2. the input/output group throttling method in the large scale distributed shared systems as claimed in claim 1, it is characterized in that described PIO affairs retry state machine comprises two state: idle condition Idle and retry state Retry, this state machine original state is that the state of system power-up when resetting is idle condition, state machine carries out state exchange according to the PIO transaction response type that the message receive logic is received, if what receive is a NACK response, then state machine enters retry state, if what receive is the ACK response, then keep idle condition; After state machine enters retry state, after having only by the time the PIO affairs to send steering logic the PIO affairs that need retry among the FIFO are all finished, just enter idle condition once more; When state machine was in retry state, the WRRDY signal on the deactivation system bus stoped CPU to continue to flow out the PIO request; When state machine was in Idle state, effectively the WRRDY signal allowed CPU to flow out new PIO affairs; Be in retry state at state machine, before the inefficacy WRRDY signal, CPU has flowed out several PIO affairs, at this moment the PIO affairs are kept in the fifo buffer, these affairs all are the affairs that need retry, and all PIO affairs that need retry enter this FIFO according to the order of first in first out, before the retry request is really responded, any subsequent request all can not be finished, and these requests of retry in order; In order to keep the order between these PIO affairs, the PIO affairs send steering logic first PIO affairs of receiving the NACK response are stamped labeling head, to be different from the PIO affairs of the follow-up NACK of receiving response, when the request of leader label during by retry, the order that sends to IOC is promptly flowed out the order of PIO affairs retry the earliest for retry head order, and follow-up request is during by retry, the order that sends to IOC is simple retry order, thereby IOC can conclude which is the earliest PIO affairs, but when the PIO credit time spent, handle this request at first, and return an ACK-HEAD response and notify the affairs of first retry of PI processed; Then, PI stamps labeling head for the next retry affairs closely follow to finish according to the order of sequence to guarantee all PIO affairs; After the PIO of all retries affairs were all finished, state machine returned idle condition.

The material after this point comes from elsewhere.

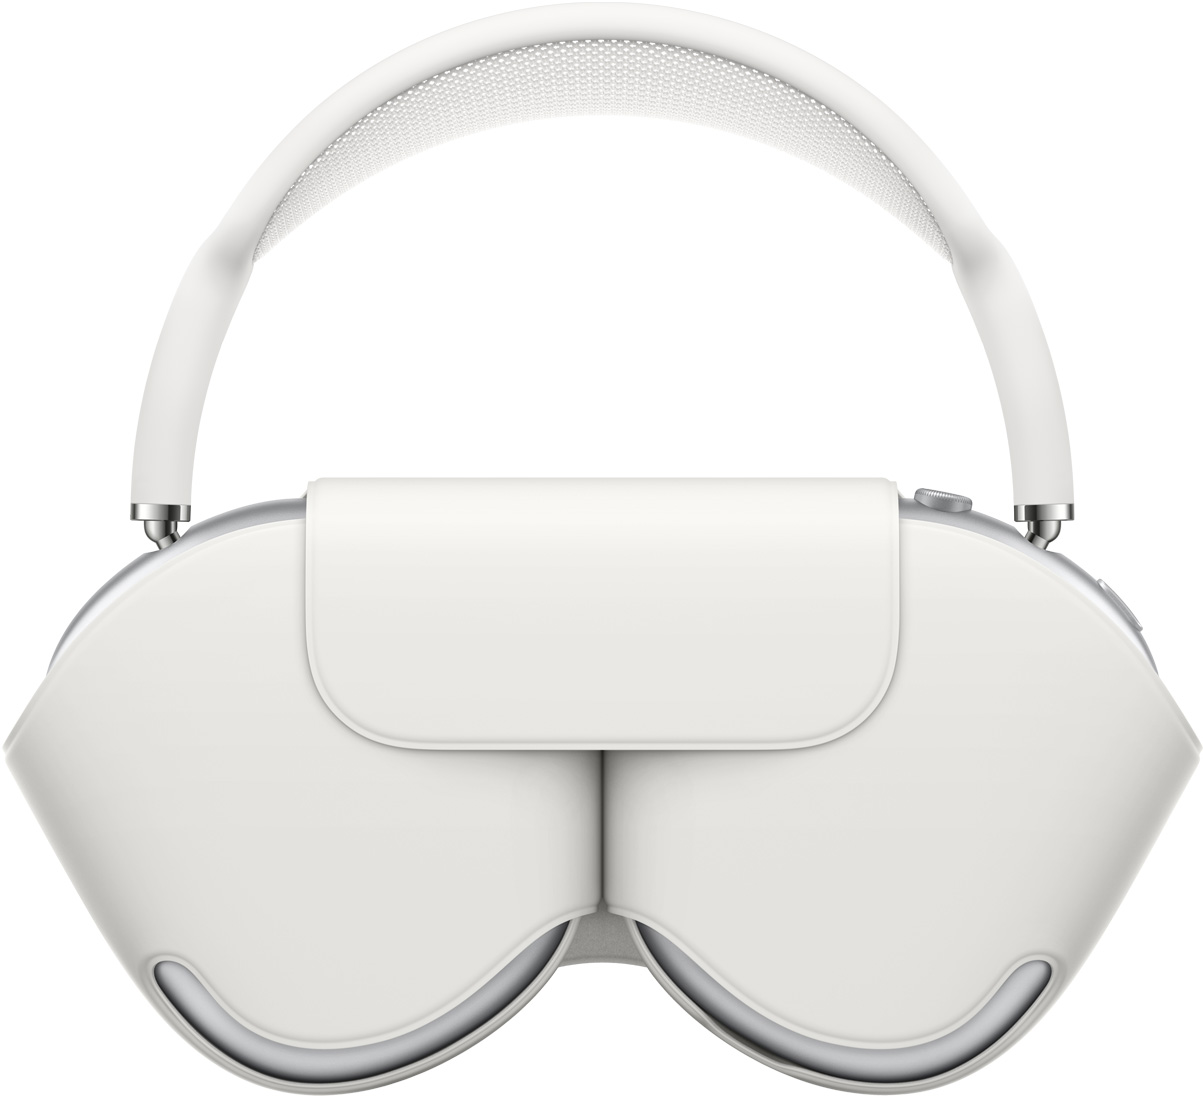 AirPods Max in Silber mit farblich passendem weißen Smart Case, das die Hörmuscheln schützt. Der Kopfbügel der verstauten AirPods Max ragt über das Case hinaus.

3. the input/output group throttling method in the large scale distributed shared systems as claimed in claim 1, it is characterized in that each credit counter is by a PIO credit counter, a NACKA counter, a NACKB counter is formed, the PIO credit counter indicates its pairing IO bridge device has available for how many PIO affairs bufferings, when the PIO of certain equipment credit counter is 0, to any subsequent P IO transactions requests, IOC returns the NACK response, after the message receive logic among the NC is received this NACK response, PIO affairs retry state machine enters retry state, WRRDY signal on the while deactivation system bus, stop CPU to continue to flow out the PIO request, realize throttling control the PIO affairs; When the PIO credit counter is not 0, one every PIO request to certain IO equipment, corresponding with it PIO credit counter subtracts 1, response of every reception from this equipment, corresponding PIO credit counter adds 1; The second group throttling steering logic among the NACKA counter records IOC is in the NACK response number that normal operating conditions receives that the PIO affairs are returned; The second group throttling steering logic among the NACKB counter records IOC is in the NACK response number that the throttling operational mode state receives that the PIO affairs are returned.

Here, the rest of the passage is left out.